Teilweise ist die ausgestellte Brutalität derartig drüber das sie nur schwer ernstzunehmen ist. Das ist ja an sich nichts schlechtes verkommt hier aber schnell zum Gimmick.
Schnell fühlt man sich nicht nur an BLACK MIRROR erinnert sondern sogar konkret an die Episode CROCODILE die eine fast identische Geschichte erzählt und (Zufall?) auch mit Andrea Riseborough in der Hauptrolle besetzt war.
Natürlich kann sich ein Film heutzutage nicht nur auf den durch Blut und Gedärm generierten Schauwert verlassen wenn er sich auch dem Zuspruch des Arthouse Feuilletons gewiss sein will. Für dieses Klientel greift er dann zum gegenteiligen Extrem.
Was wäre denn die gute alte Ultrabrutale ohne den auflockernden Gegenpol der Ultrasurrealen?
Es tauchten nämlich auch Stimmen auf die von
einer bildgewaltigen Vision sprachen welche an UNDER THE SKIN erinnert und nicht nur wegen Andrea Riseborough das MANDY Feeling heraufbeschwört sondern auch die Nackenhaare eines jeden räudigen Gorehounds der Interpretationsansätze scheut wie der Teufel das Weihwasser. Auch hier kann ich Entwarnung geben:
In einem Film in dem es um Auftragskiller geht die sich ins Unterbewusstsein ihrer Opfer einklinken um diese für ihre Morde fernzusteuern gibt es natürlich Stroboeffekte und visuelle Schnitt-Schnipsel. Hier gibt es dann einige recht toll getrickste weil handgemachte Bilder von ineinanderfließenden menschlichen Gesichtern die mehrdeutig zu lesen relativ schwierig sein wird.

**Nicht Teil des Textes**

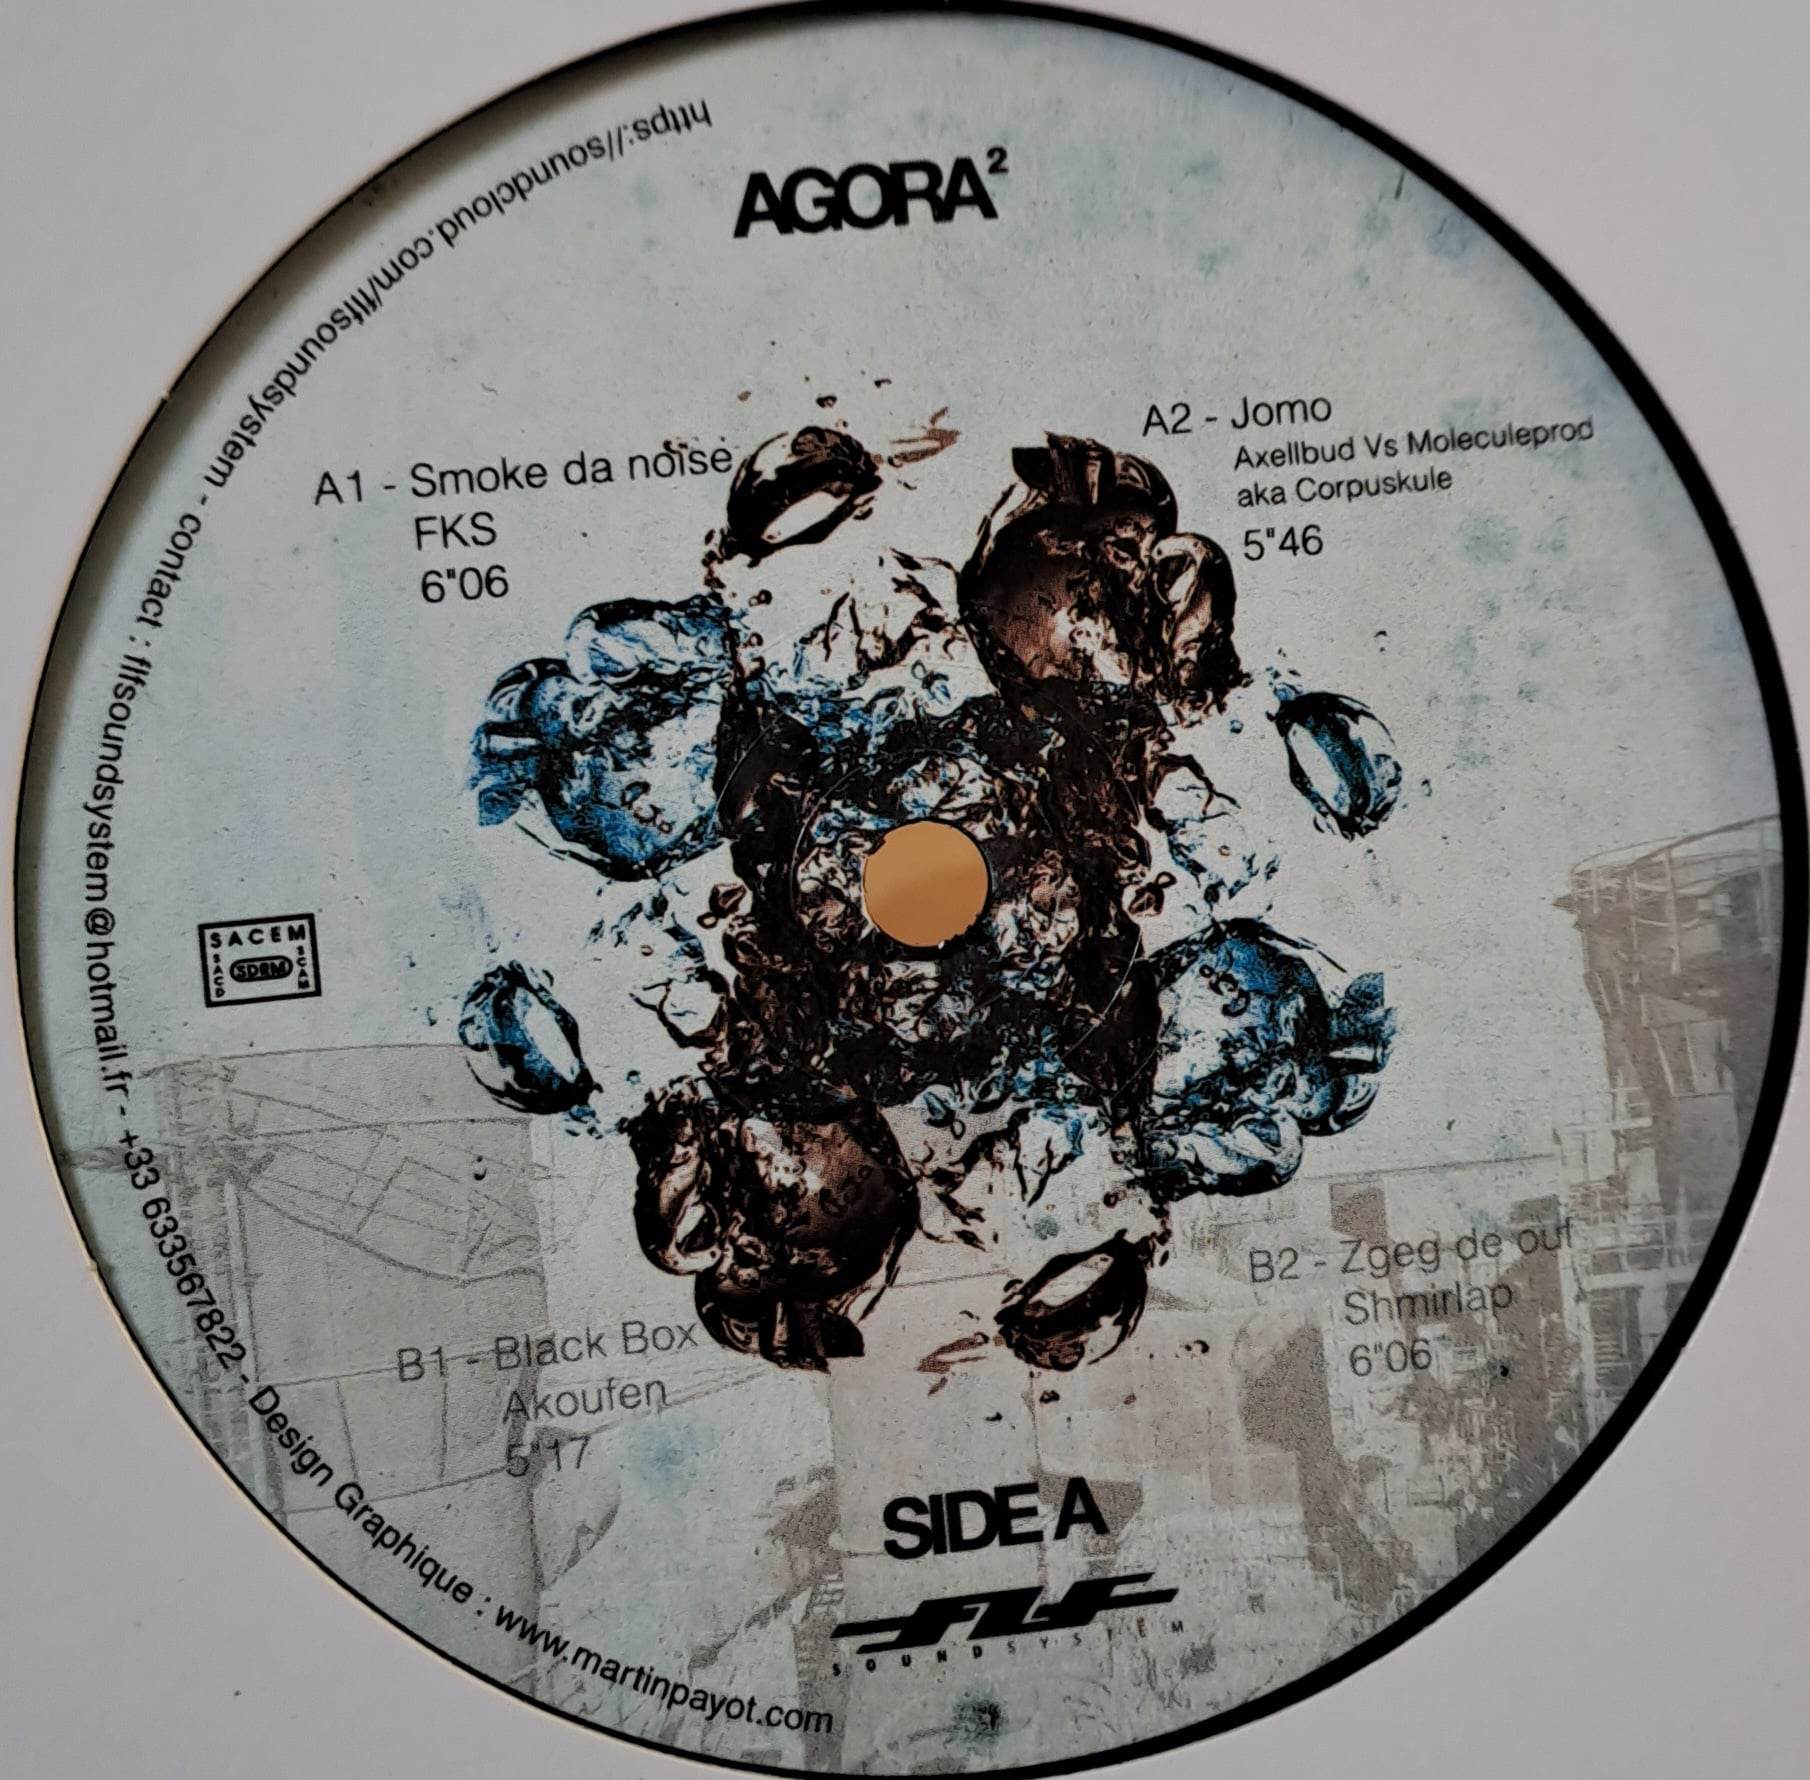 Agora 002 - vinyle acid

Ich verstehe aber das Dualität manchmal überfordern kann vorallem wenn im Kontext des Films dann die beiden Hauptdarsteller anfangen mit der jeweiligen Stimme des Anderen zu sprechen während sie angestrengt in den Spiegel starren. Wer sich an solchen Stellen  alleingelassen fühlt und anfängt aus den Ohren zu bluten hatte wahrscheinlich auch seinen ersten Schlaganfall beim Kinobesuch von MATRIX weil man damals gegenüber seiner weiblichen Begleitung schlecht zugeben konnte das man sich schon beim Anblick der Lederjacken auf dem Plakat ein bisschen gegruselt hat, dieses Gefühl mittlerweile jedoch längst in Todesangst umgeschlagen ist.

DIAGNOSE:
Auch ohne die bereits angesprochene falsche Erwartungshaltung (für die ich ja Cronenzwerg nicht verantwortlich machen kann) hat sich mir in Bezug auf das Werk und den unvermeidlichen Vergleich mit dem Schaffen seines Vaters folgende Frage gestellt:
Sind Zynismus und das Body Horror Genre untrennbar?

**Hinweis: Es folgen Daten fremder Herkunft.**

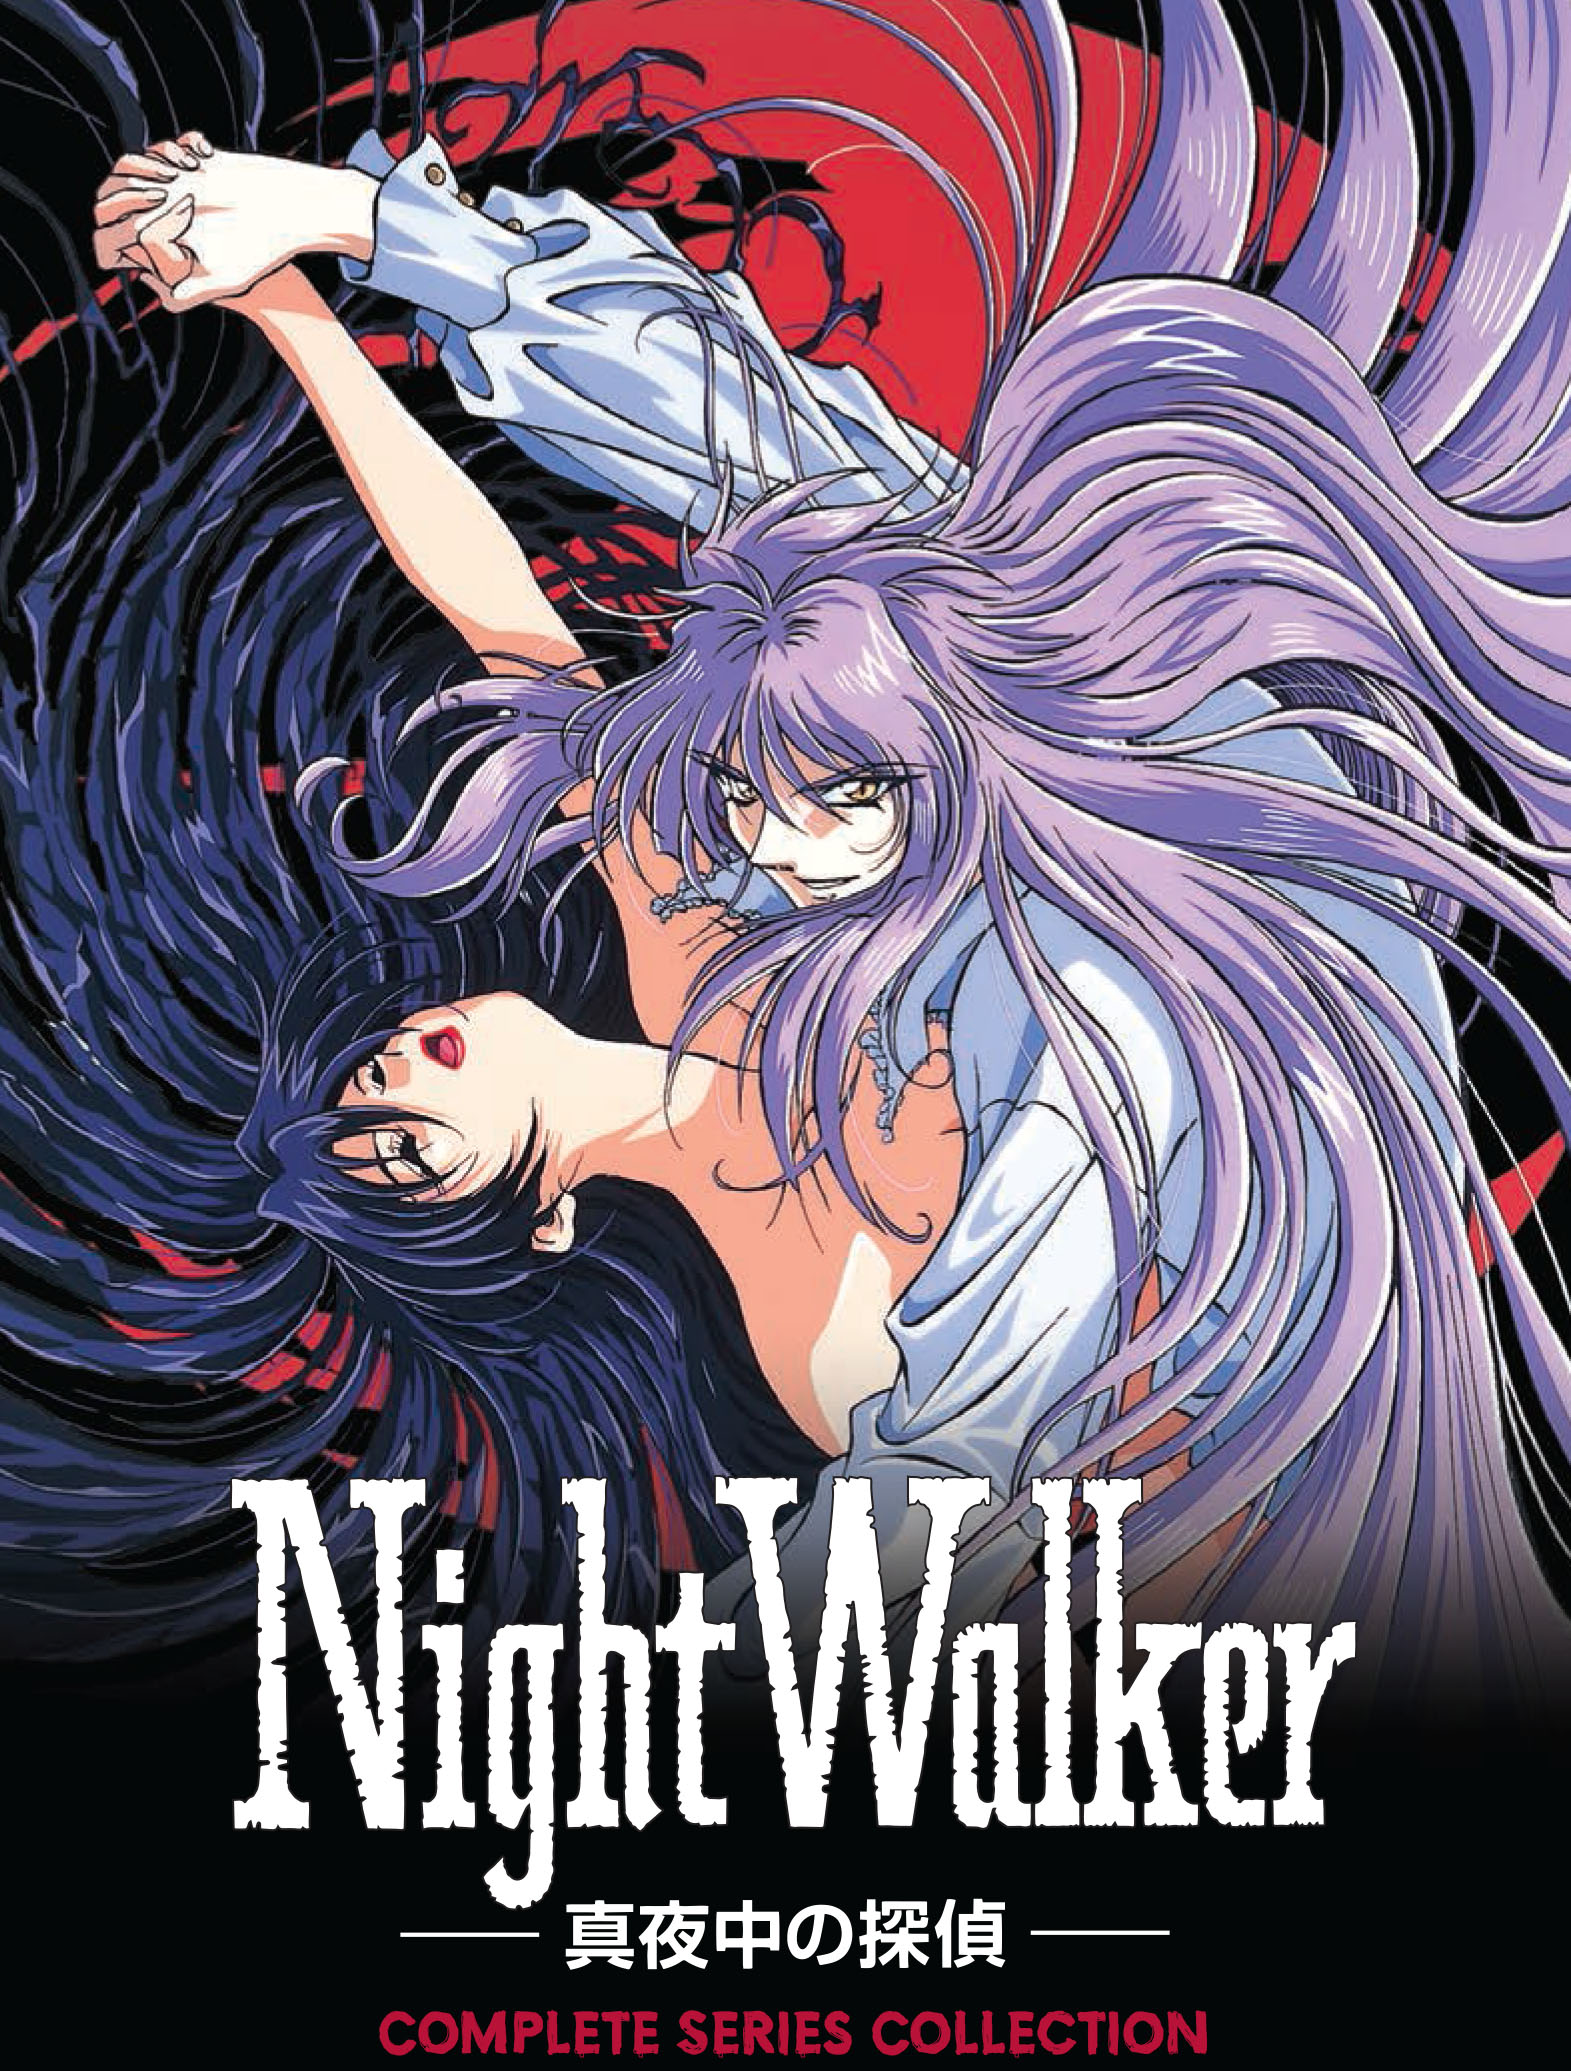 Nightwalker the Midnight Detective DVD image count 0

Menschlichen Emotionen waren bei Senior Cronenberg doch auch immer der nötige Faktor und Auslöser für die verschiedenen Eskalationsstufen seiner Körperhorrors.
Emotion ist hier das Stichwort. Ich würde sogar soweit gehen und vielen seiner Werke einen eigenwilligen Humor unterstellen.
In den Filmen seines Sohnes ist hiervon nichts mehr übrig geblieben.
POSSESSOR ist wirklich kompetentes großartig gemachtes Blendwerk (mit dem ich eigentlich kein Problem hätte) welcher aber auf einer derartig drastischen "Pointe" endet die ihren abgrundtiefen Zynismus offen zur Schau stellt. Ich habe kein Problem damit wenn man seinen Film mit einem Tiefschlag in die Magengrube beenden will sofern er sich diesen auch verdient hat.
Brandon Cronenberg hat es aber nicht so mit den Tiefschlägen.
Kurz vor der Schwarzblende tritt er dir lieber kräftig in die Eier und während du zu Boden gehst spuckt er dir noch auf den Kopf.
Seltsamerweise scheint er das lustig zu finden.